• [Exercise aim]: The reply should hold only the lines from the one with "100 X BRAND" to the one with "I made a reservation", both ends kept, exactly as they appear below, without any pictures.

• [Stored data]:
+ + + +
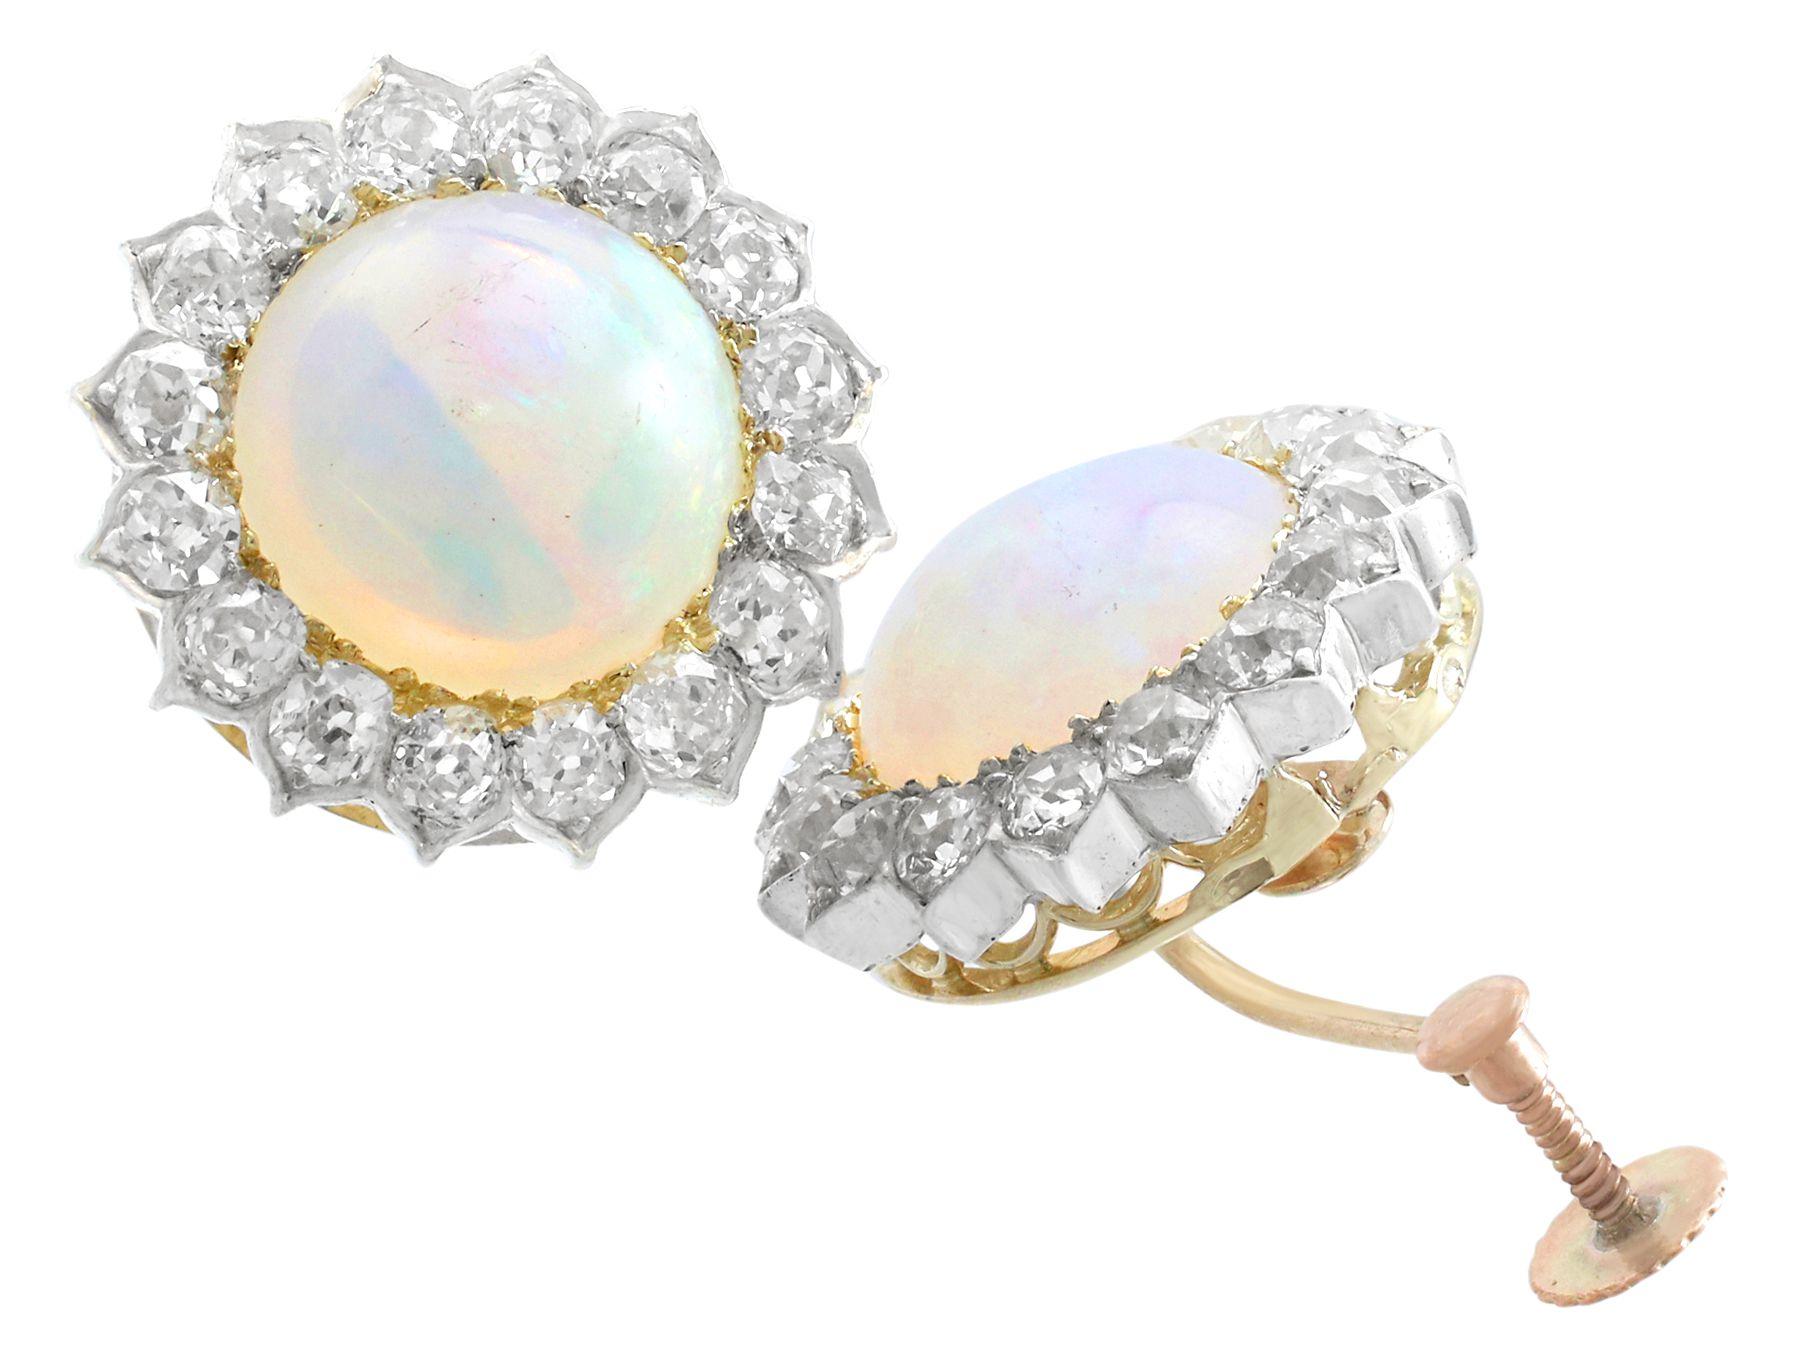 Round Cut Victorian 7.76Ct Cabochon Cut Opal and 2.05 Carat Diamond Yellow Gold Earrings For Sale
+ + + +
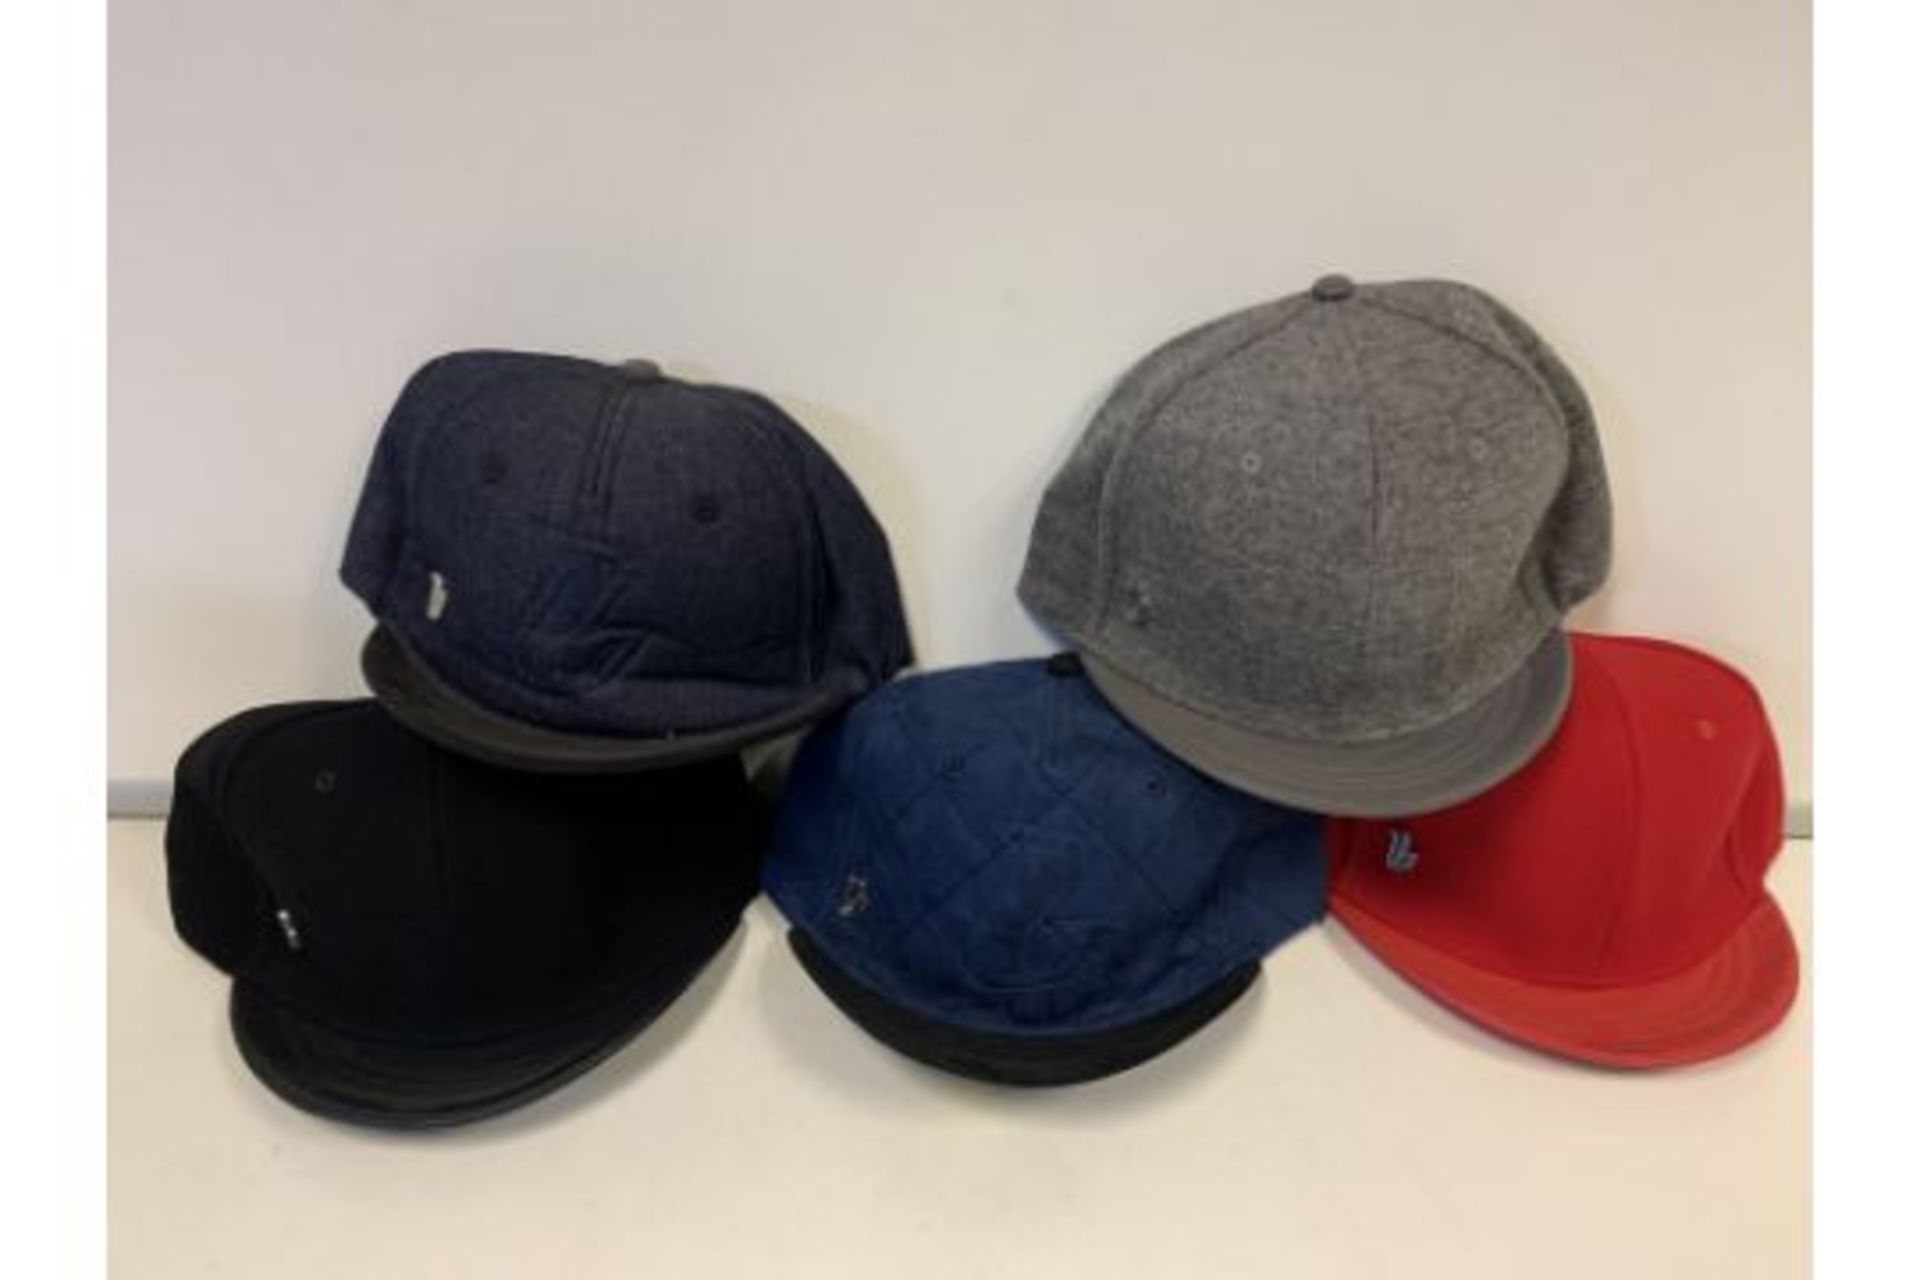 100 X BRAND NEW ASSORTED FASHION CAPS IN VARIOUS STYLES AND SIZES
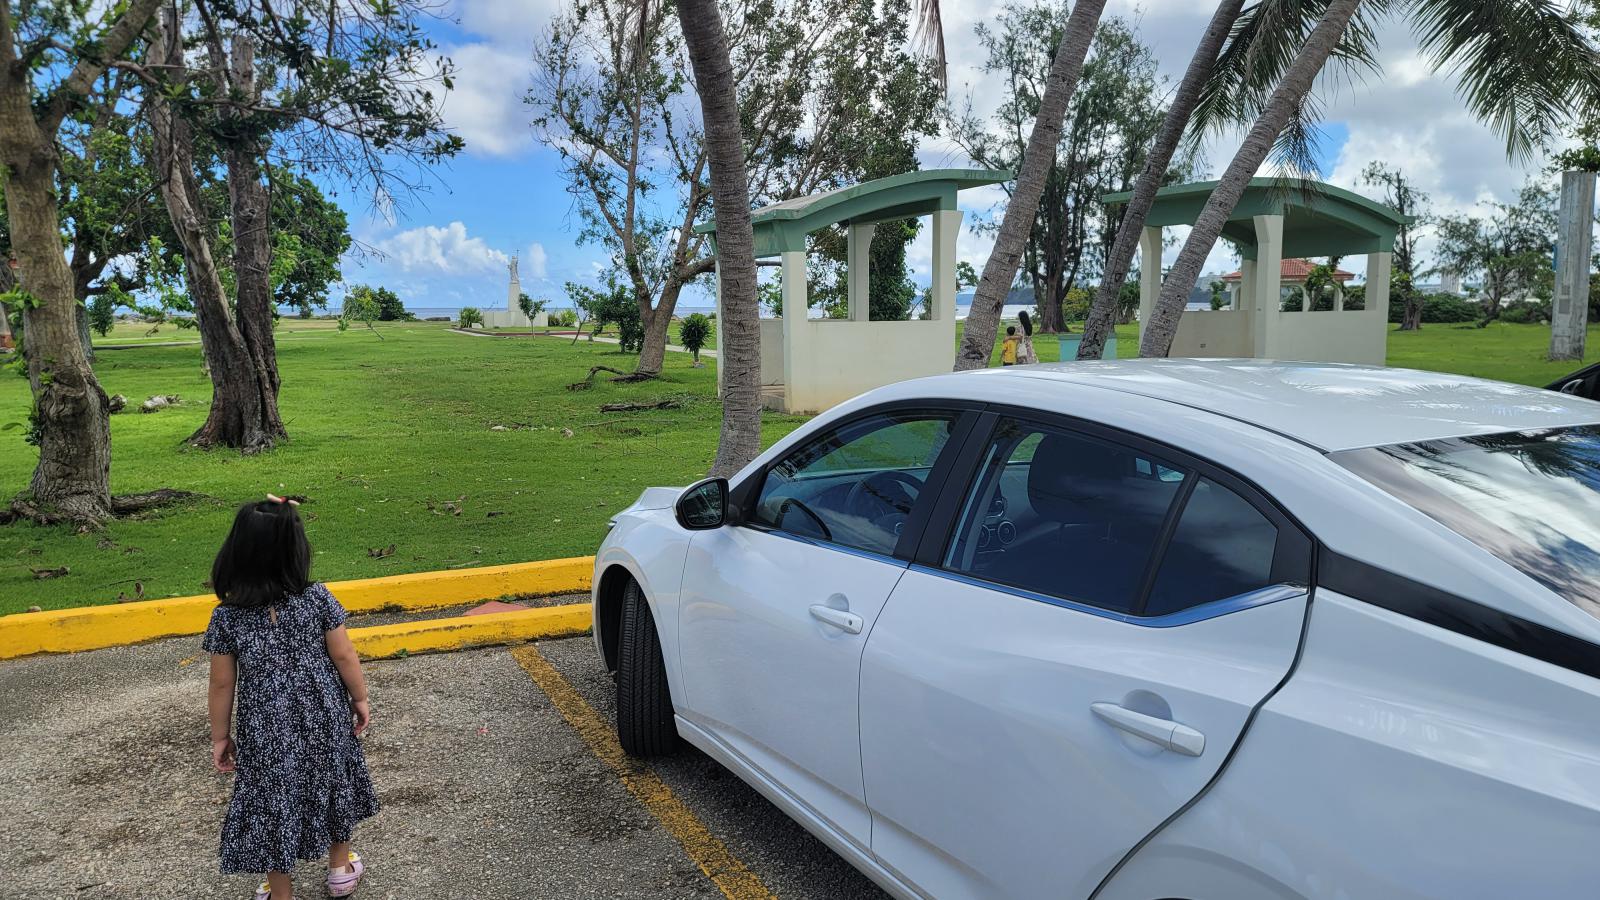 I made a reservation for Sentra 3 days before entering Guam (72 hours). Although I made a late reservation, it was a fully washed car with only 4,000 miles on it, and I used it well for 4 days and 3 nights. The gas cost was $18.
+ + + +
• [Response area]:
 100 X BRAND NEW ASSORTED FASHION CAPS IN VARIOUS STYLES AND SIZES
 I made a reservation for Sentra 3 days before entering Guam (72 hours). Although I made a late reservation, it was a fully washed car with only 4,000 miles on it, and I used it well for 4 days and 3 nights. The gas cost was $18.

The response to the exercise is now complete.